On 4/17/19 12:49 AM, Pradeep wrote:
On 4/11/19, Frank Filz <ffilzlnx(a)mindspring.com> wrote:
>> From: Daniel Gryniewicz [mailto:dang@redhat.com]
>> Sent: Thursday, April 11, 2019 5:28 AM
>>
>> Okay, I misunderstood the situation. That fix won't work, because
>> mdcache_lru_unref_chunk() takes the qlane lock, and it also takes the
>> content
>> lock, which must be taken before the qlane lock.
>>
>> The problem here is that the parent has a pointer to the chunk and a ref
>> on it,
>> and the chunk has a pointer to the parent but no ref on it.
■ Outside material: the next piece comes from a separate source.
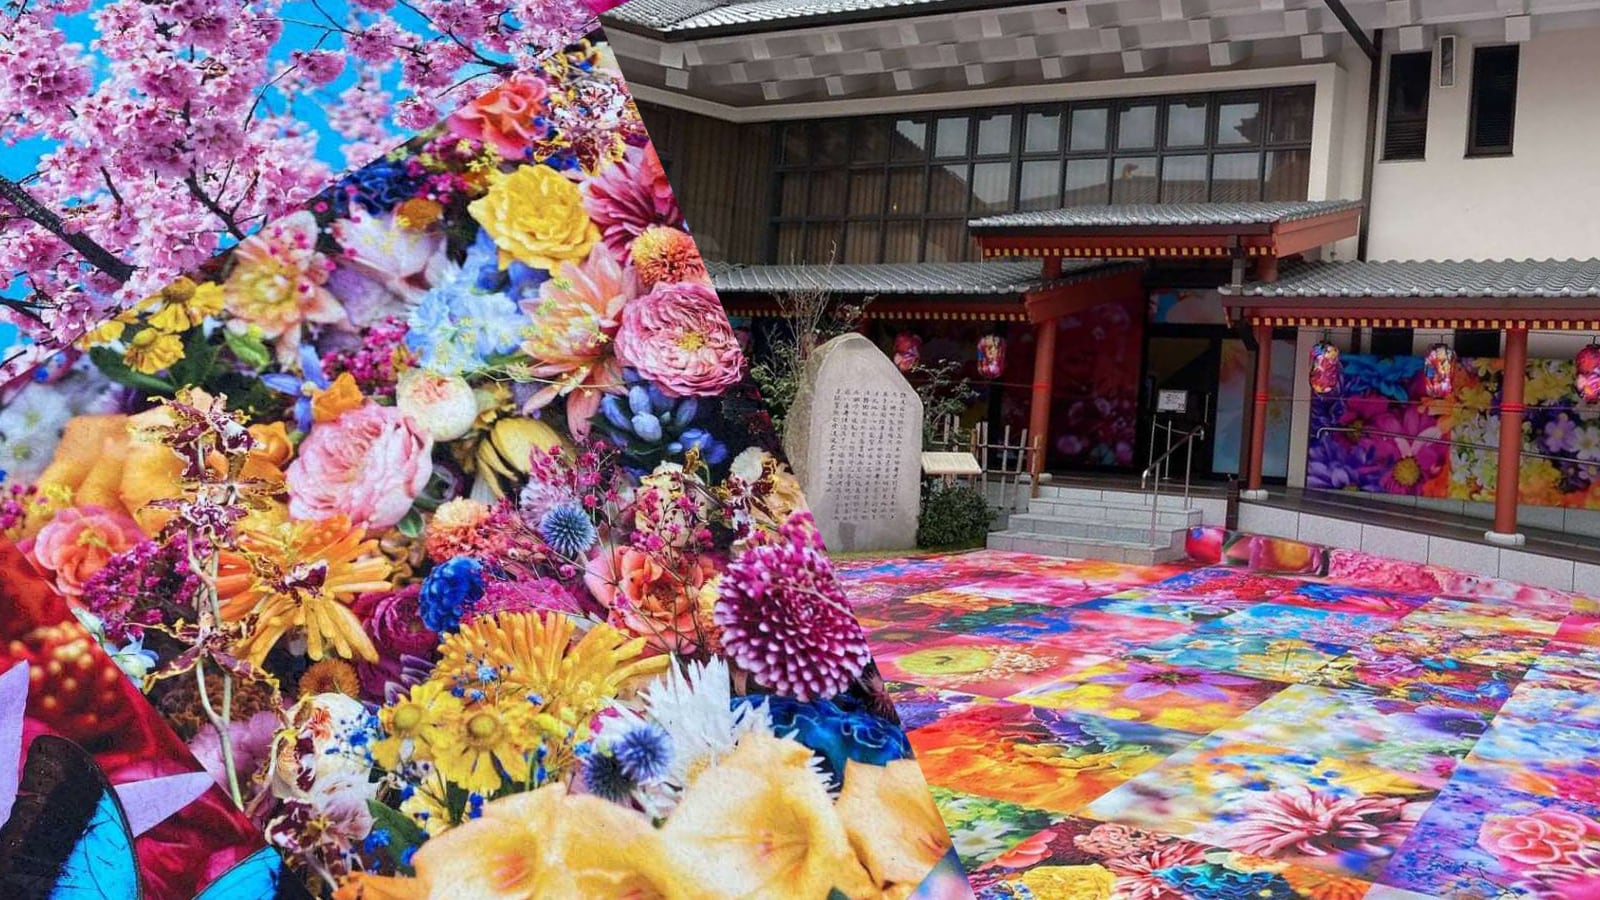 Mika Ninagawa's art works are located at Asukano Yusen, which is about a 3-minute walk from the hotel.

>> This means that the parent refcount can go to zero while the chunk has a
>> pointer. I think we need to force remove all the chunks when we recycle
>> the
>> parent, and null out the parent pointer in the chunk as well. We'll have
>> to audit
>> all the uses of the parent pointer and make sure the call path has a ref
>> to the
>> parent, or that it can handle a null parent pointer.
Hi Daniel,
By force cleaning, did you have something like this in mind?
https://review.gerrithub.io/c/ffilz/nfs-ganesha/+/451311/1/src/FSAL/Stack...
I was thinking something more like this:
https://paste.fedoraproject.org/paste/2CJh-0heaj-nQQeb7Ou5KQ
Your solution may work; but it worries me to add an unbounded loop into
the mix, especially since this involves multiple locks.
Note, I haven't fully audited all the callpaths to make sure that they
can handle parent being NULL. I believe all the ones that can't have a
ref on parent, so it should be okay.
Daniel